Fixing RTL (Mainly Hebrew and Arabic) subtitles problems

Posted: 15 Nov 2005 17:01
by barakori
The short sroty - I modified modules/misc/freetype.c to better support bidi languages. I'm not a VLC developer. Who can I send this so that it's included in the next version of VLC?
I know of the following problems with RTL subtitles (I've tested this with Hebrew on Windows & Linux):
  • When a single subtitle spans multiple lines, the line order is reversed. E.g. when there are two lines, the second line is shown at the top, and the first line at the bottom.
  • Some punctuation characters are displayed at the begining of the line (right hand side - it's RTL) instead of the end of the line (left hand side). For example, "well," is shown line this: ",well'.
  • When a hyphen is used between a number and a Hebrew word (common in Hebrew syntax, not so common in Hebrew subtitles), the ordering of the number, hyphen and Hebrew word is not as expected.
I got the VLC source from SVN and found out the problem is in freetype.c, which uses a call to fribidi to reorder the text:
  • The line reordering problem seems to be a fribidi problem, but this might indeed be the official Unicode handling for multiline text. I changed the code in freetype.c to reorder each line, and not the whole subtitle text. This solved the line ordering problem.
  • The punctuation ordering problem is solved by calling fribidi with LTR as the main direction. This is a work-around. Since most players (under Windows) don't perform bidi, but let the system do it, the subtitles are prepared in logical order (RTL), but with main order (LTR), since players don't support setting the main order of the subtitles. This makes authoring subtitles a little harder, but everyone's already doing it.
  • The hyphen problem happens because Microsoft's bidi algorithm is not fully compatible with the Unicode bidi algorithm. Since most Hebrew subtitles are generated and viewed on Windows, the hyphen is authored so it would display properly using Microsoft's bidi algorithm. Fribidi is Unicode compatible, which means it orders the hyphen differently. I didn't fix this problem in freetype.c, but have solved this in the past (In a Java utility i once wrote).

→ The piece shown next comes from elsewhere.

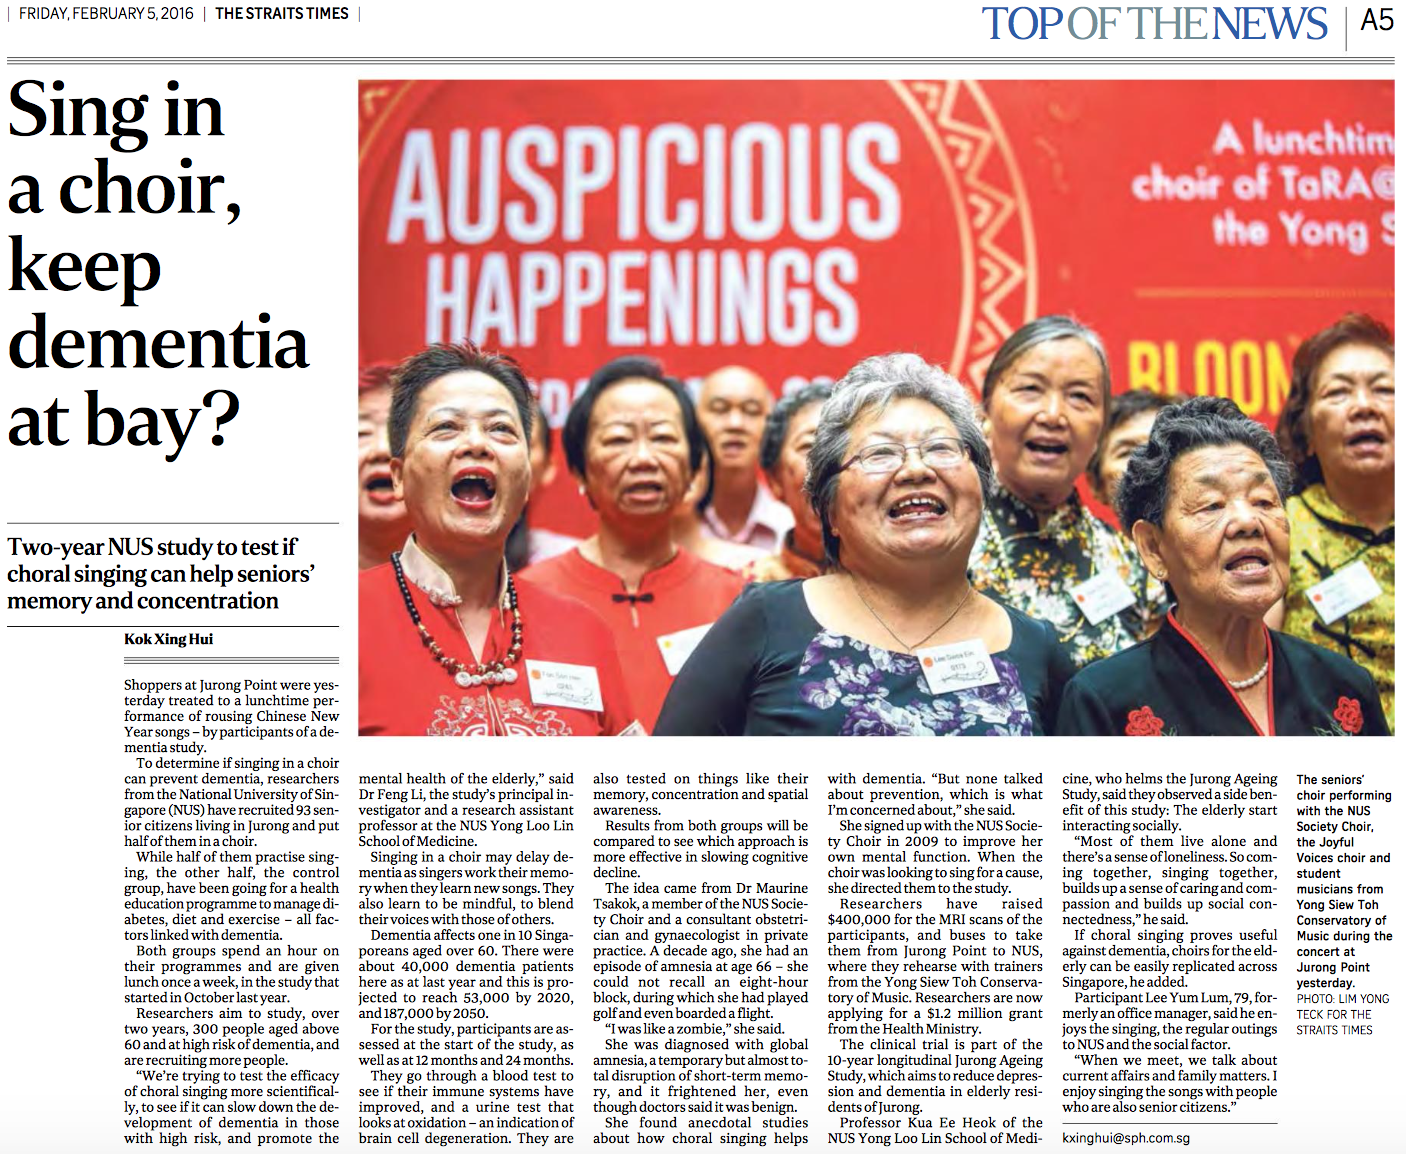  Choral singing and dementia research feature for The Straits Times (www.straitstimes.com)

My question is: What do I do to suggest my fix to the developer team of VLC? Also, I made the change on Linux (where it's much easier to setup a development environment for VLC), but I'd really like a Windows VLC version with this feature, and I don't know how to build a Windows version.
In the long run, full support for bidi in VLC would include adding two options in the subtitles preferences:
  • Use RTL paragraph order for RTL subtitles - this would be set to false until more players really support RTL languages. BTW, I checked with a friend who speaks Arabic, and it seems that Arabic subtitles also assume LTR order.
  • Fix Microsoft bidi problems - this would be set to true by default to handle hyphens properly.
This would make VLC play Hebrew (and Arabic, as far as I could check) subtitles properly, and allow for *real* support for RTL Unicode-based subtitles.

One final thing - I have the "fixed" freebidi.c source, and would have published it here, but it doesn't look like I can add attachments to messages in this forum.

Barak

Posted: 15 Nov 2005 20:03
by ipkiss
You can send a patch (generated using the 'svn diff' command) to the vlc-devel@videolan.org mailing-list. It will be reviewed, and if everything is fine, it will be integrated in svn (hence available in the windows nightly builds too).

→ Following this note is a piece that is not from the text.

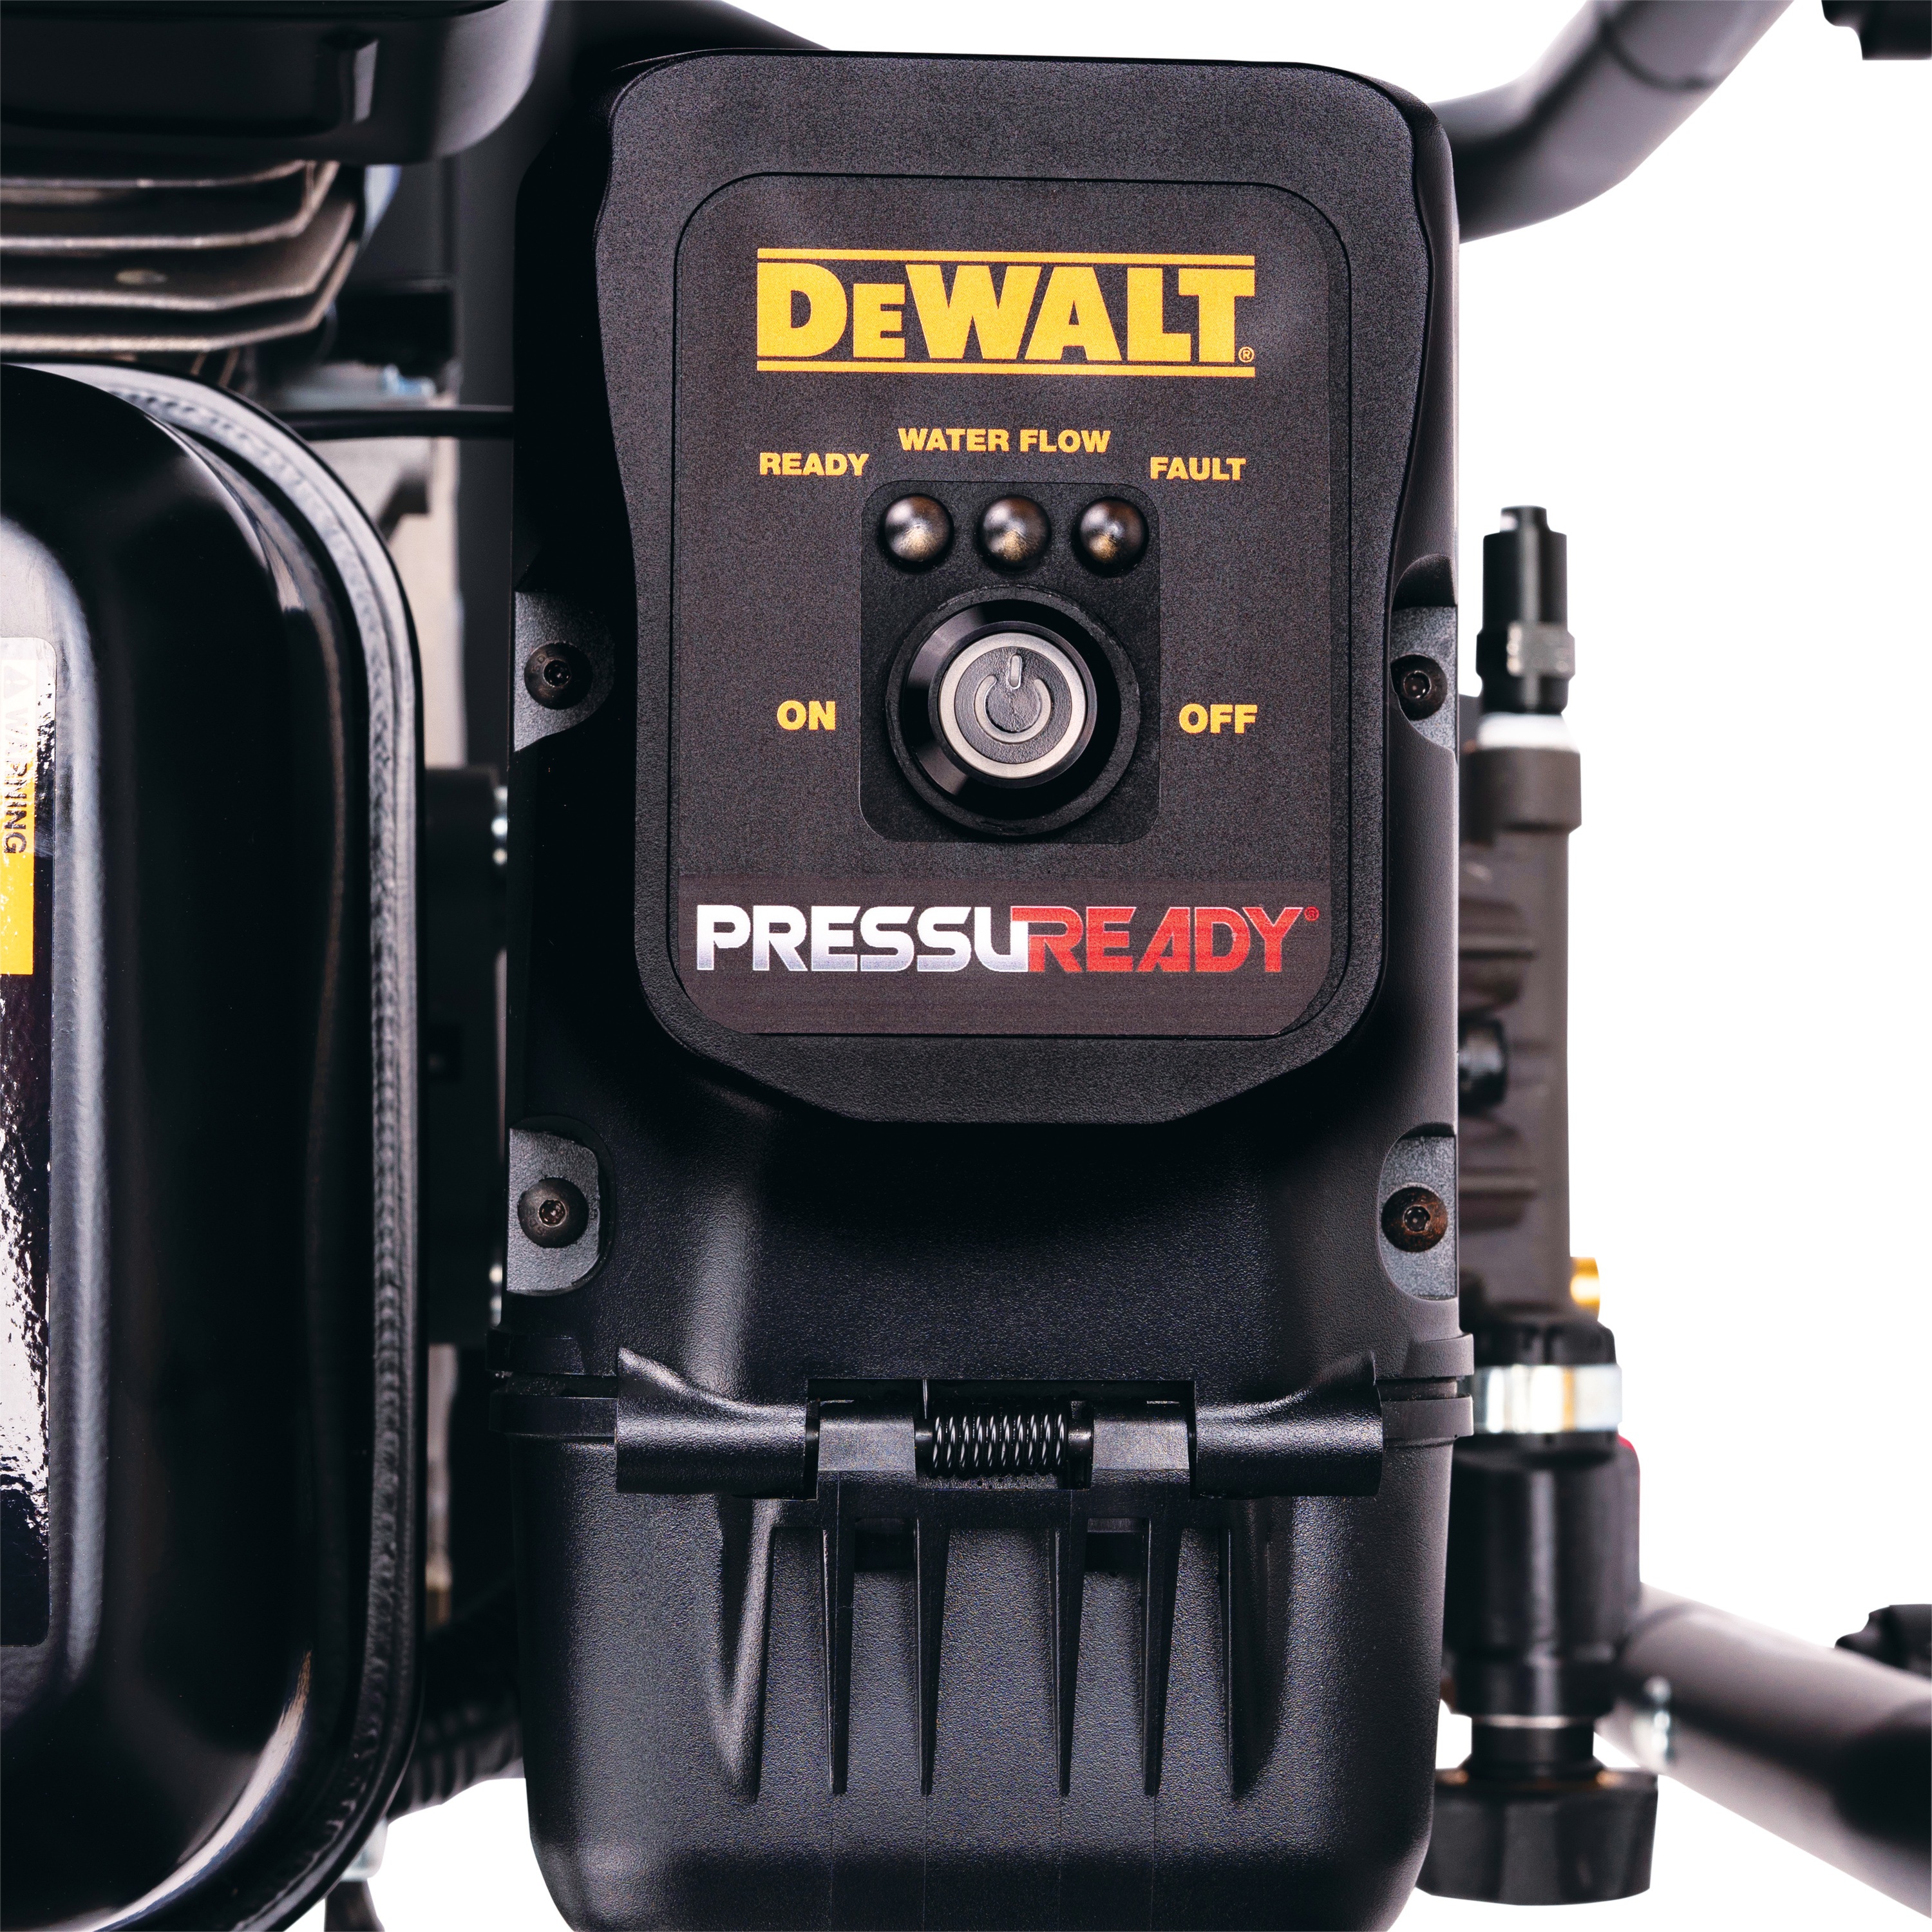 Smart Control panel feature of PressuReady 3400 PSI at 2.5 GPM Powered Cold Water Gas Pressure Washer.

As for how to build a windows binary, detailed instructions are in the INSTALL.win32 file.

How do I get the nightly build?

Posted: 14 Dec 2005 10:35
by barakori
Okay, my patch was approved and implemented. Now please tell me where I can find the nightly builds... I looked in all the VLC tabs and the developers area but couldn't find it. Maybe it's my eyes...

Posted: 14 Dec 2005 14:29
by ARTillery
thanks.

I use windows XP pro SP2 with the default system fonts(Arial and tahoma for the most parts).

u can also send me the fix or tell me where can I get it to try it out if u like.

Posted: 14 Dec 2005 23:10
by dionoea
The nightly builds are hosted at: http://nightlies.videolan.org

Hebew fix - what about MAC

Posted: 16 Jan 2006 16:05
by skipper
when will we see a MAC update too ?

Last letter display first

Posted: 12 Feb 2006 09:54
by assaf
It seems that the issues with hebrew subtitles are not fully resolved.

Displaying an hebrew srt subtitle file in vlc0.84 (and trunk build vlc-0.8.5-svn-20060212-0000-win32.exe), the last letter of every paragraph is displayed at the start of the paragraph.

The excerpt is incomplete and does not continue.